O resultado final é que os fluxos de abertura, diálogo e inclusão tendem a ceder


diante da formação de glóbulos com vida própria, que atuam como obstáculos, que
ativam conflitos enrijecidos e novos, que predispõem ao fechamento, rigidez, falta de
comunicação, autismo social, guerra e violência. Glóbulos que propiciam seus
próprios fluxos, que se propagam, paradoxalmente, utilizando as próprias redes da
globalização, mas para reconfigurá-la, reduzindo sua complexidade.

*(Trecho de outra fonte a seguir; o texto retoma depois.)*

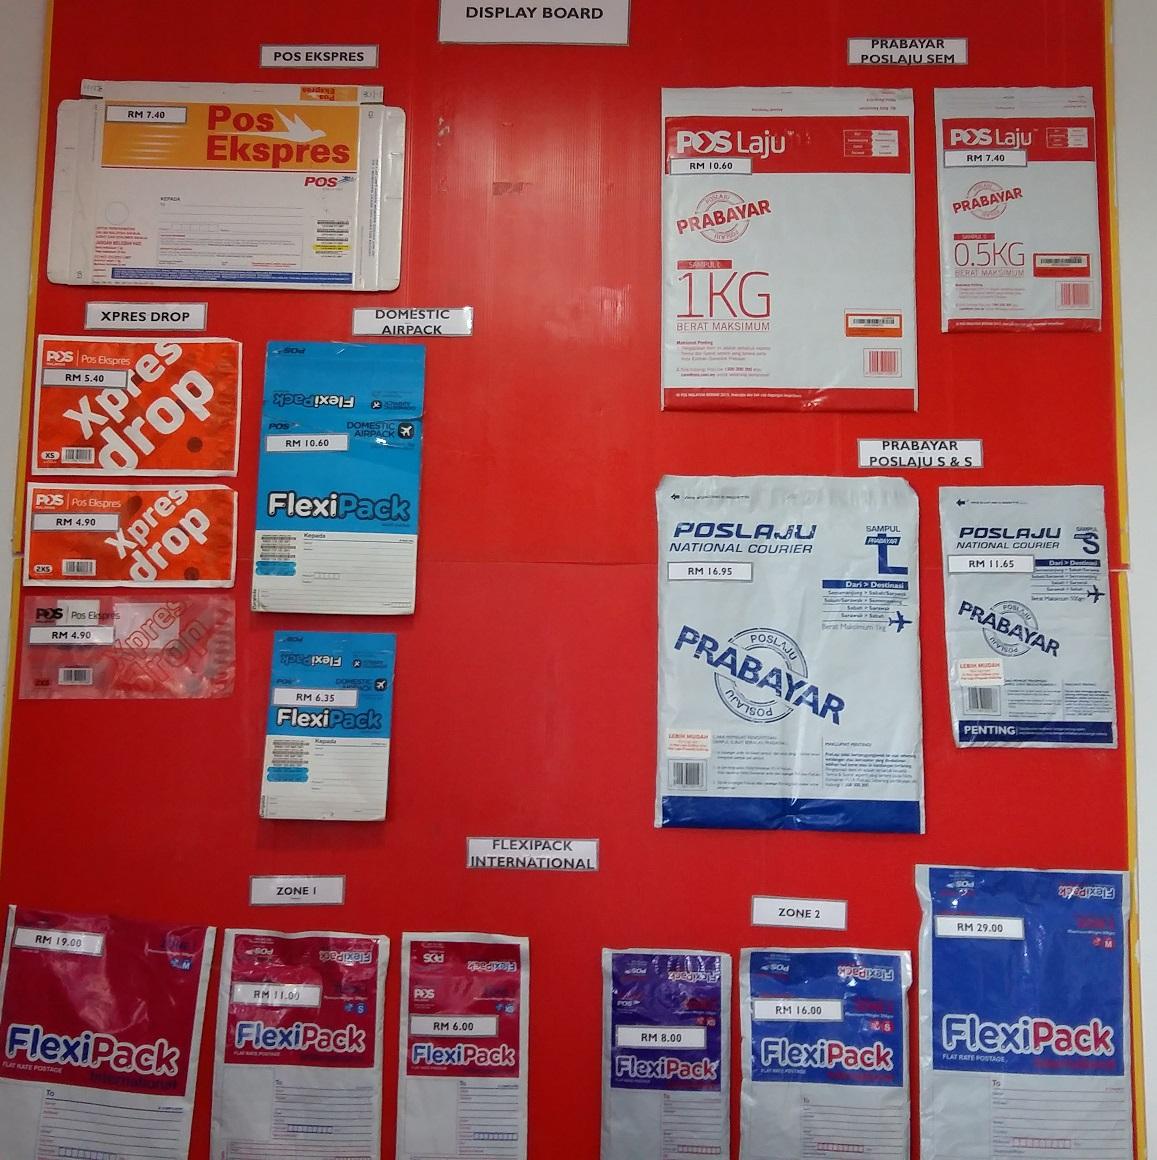 Poslaju Pos Express and FlexiPack envelopes

O combustível que impulsiona o inquietante crescimento dos glóbulos é um enorme


mal-estar, produto do desastre ecocida e social de mais de quatro décadas
de neoliberalismo autoritário e da percepção que as próprias elites possuem de que
o atual modelo não suportará muito mais. A proliferação da lógica globular possui
um efeito desintegrador, fragmentador, dissolvente e atomizador, e lança a
mensagem do “salve-se quem puder”, em primeiro lugar entre as elites, que parecem
ter decidido que o colapso do capitalismo deve ser implacavelmente comandado por
elas. O colapso, então, consubstancia-se seguindo as redes da globalização, mas sob
a pressão disruptiva e desestabilizadora da lógica da ‘globulização’.

O capitalismo de colapso

As elites capitalistas estão conscientes de que o colapso do atual sistema


capitalista global é inevitável, devido à convergência da crise energética, ecológica,
econômica e social. Mas as elites capitalistas não estão dispostas a perder sua
condição de minoria privilegiada dotada de um poder global. Portanto, sua opção
estratégica é o capitalismo de colapso, ou seja, a de poder gerenciar, administrar e
conduzir o processo de colapso a partir de seus enfoques hegemônicos para
reorientar o capitalismo terminal, por meio de uma transição autoritariamente
controlada, rumo a uma espécie de neofeudalismo corporativo de cunho
tecnocrático, de alcance global, possivelmente ecofascista e
potencialmente exterminacionista, que salvaguarde o imperativo extrativo por
desapropriação, que é a razão de ser de tais elites.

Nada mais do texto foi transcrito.